▶ What the exercise asks
Copy the data precisely, character for character, and leave out every picture.

▶ Data below
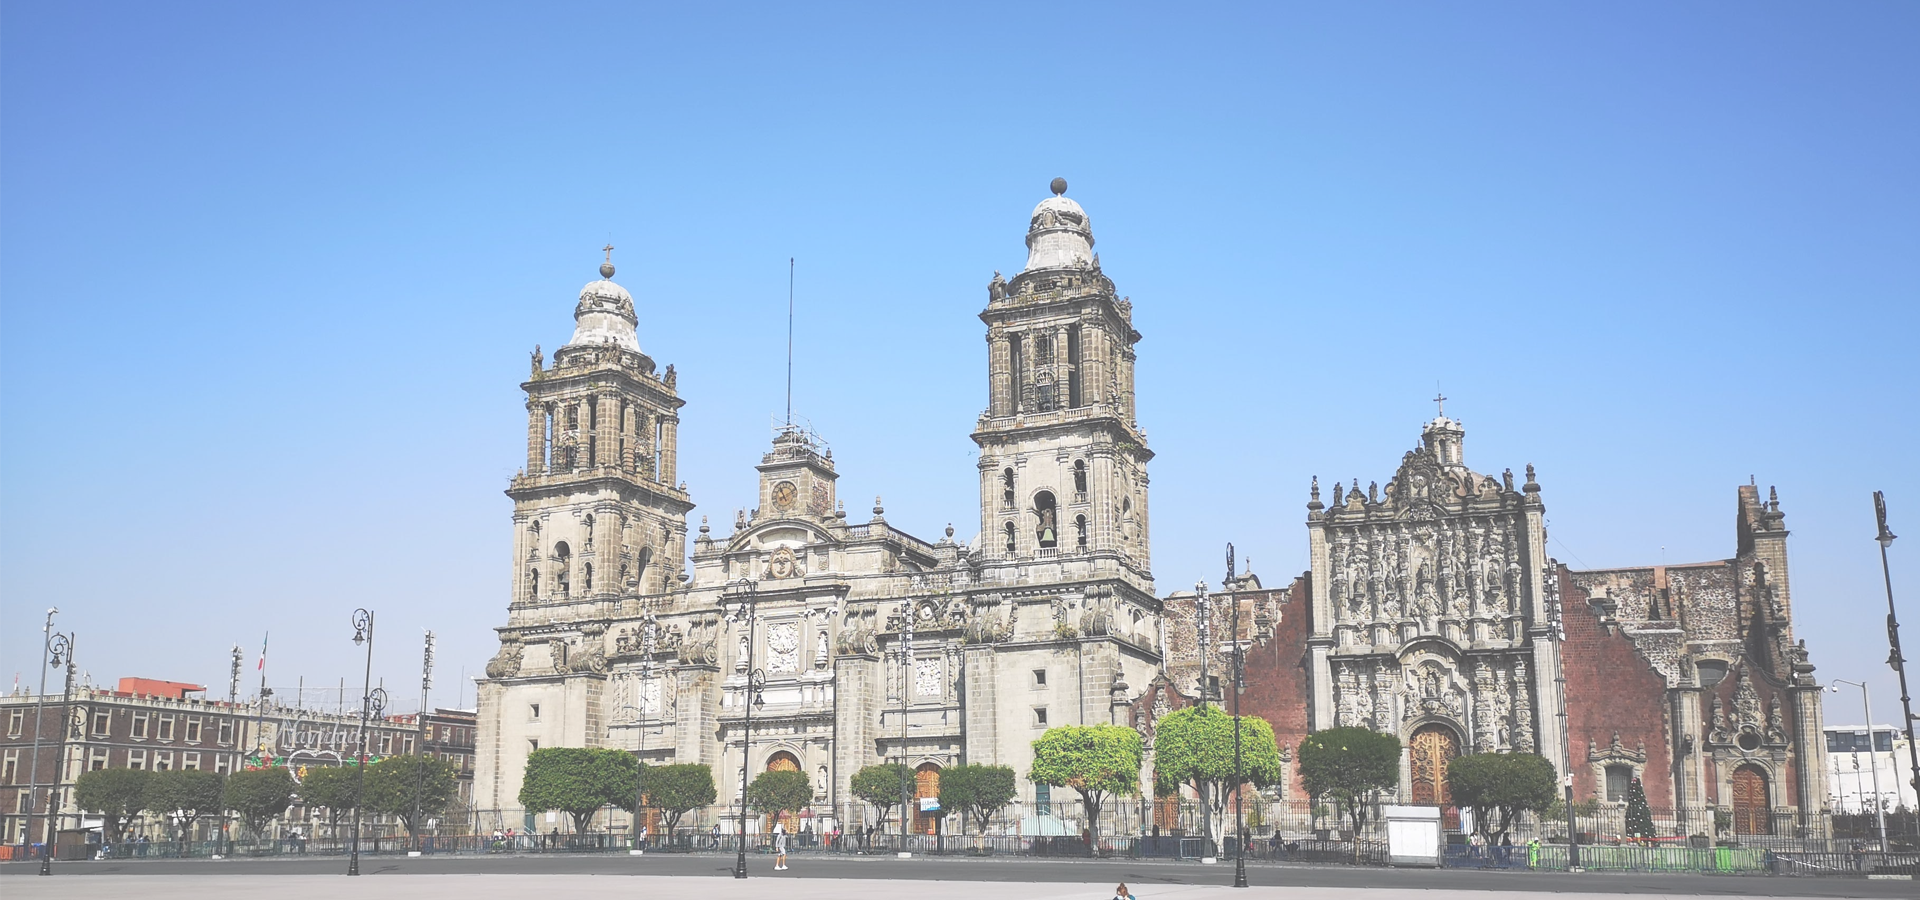 Centro Histórico, Centro, Mexico City, CDMX, Mexico
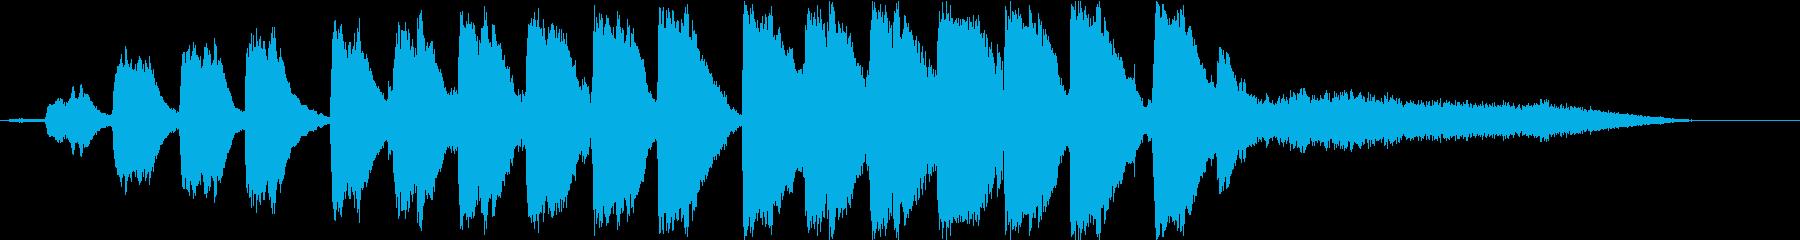 soonの再生済みの波形
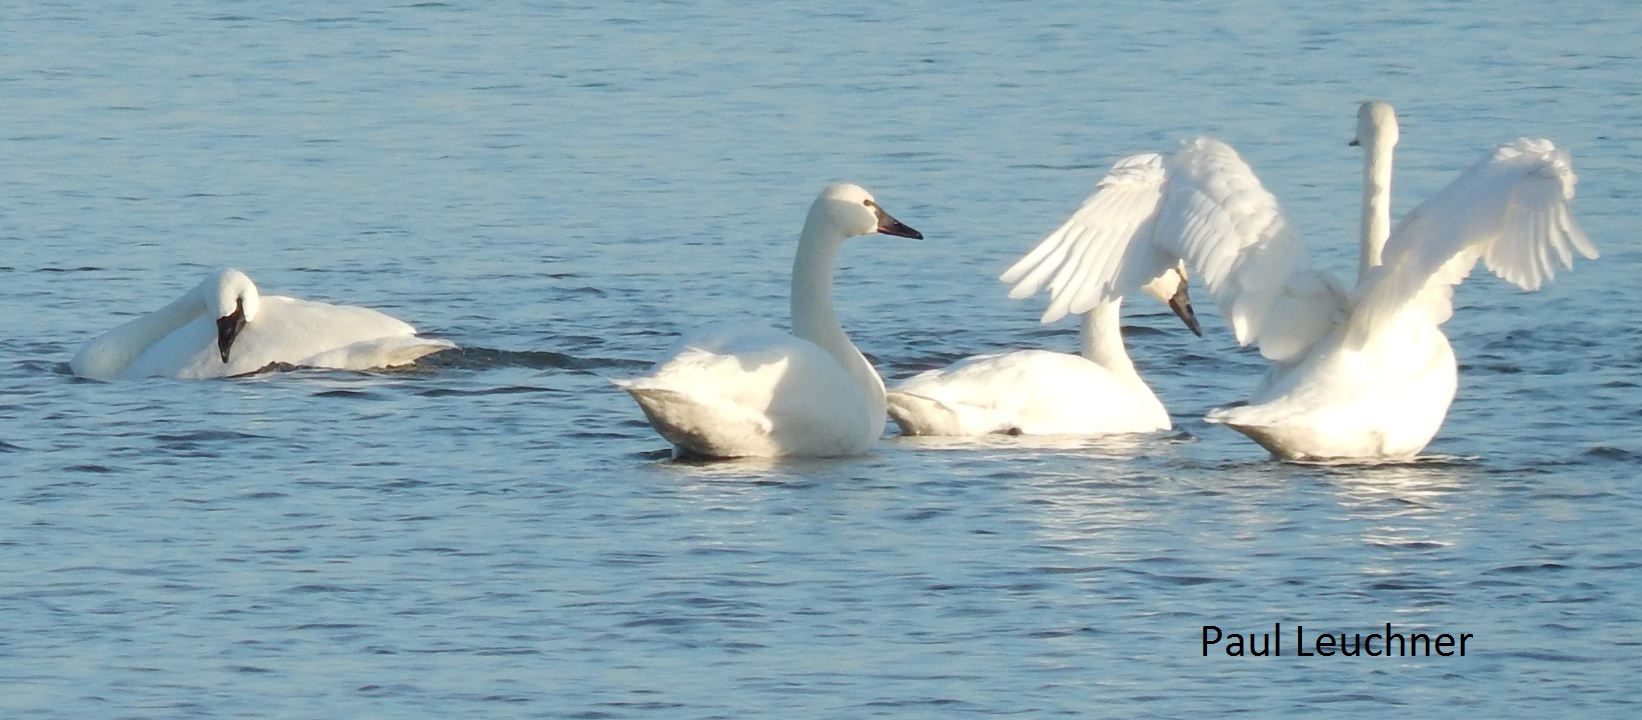 Tundra Swans P Leuchner1

▶ Reply to the exercise
 Centro Histórico, Centro, Mexico City, CDMX, Mexico
 soonの再生済みの波形
 Tundra Swans P Leuchner1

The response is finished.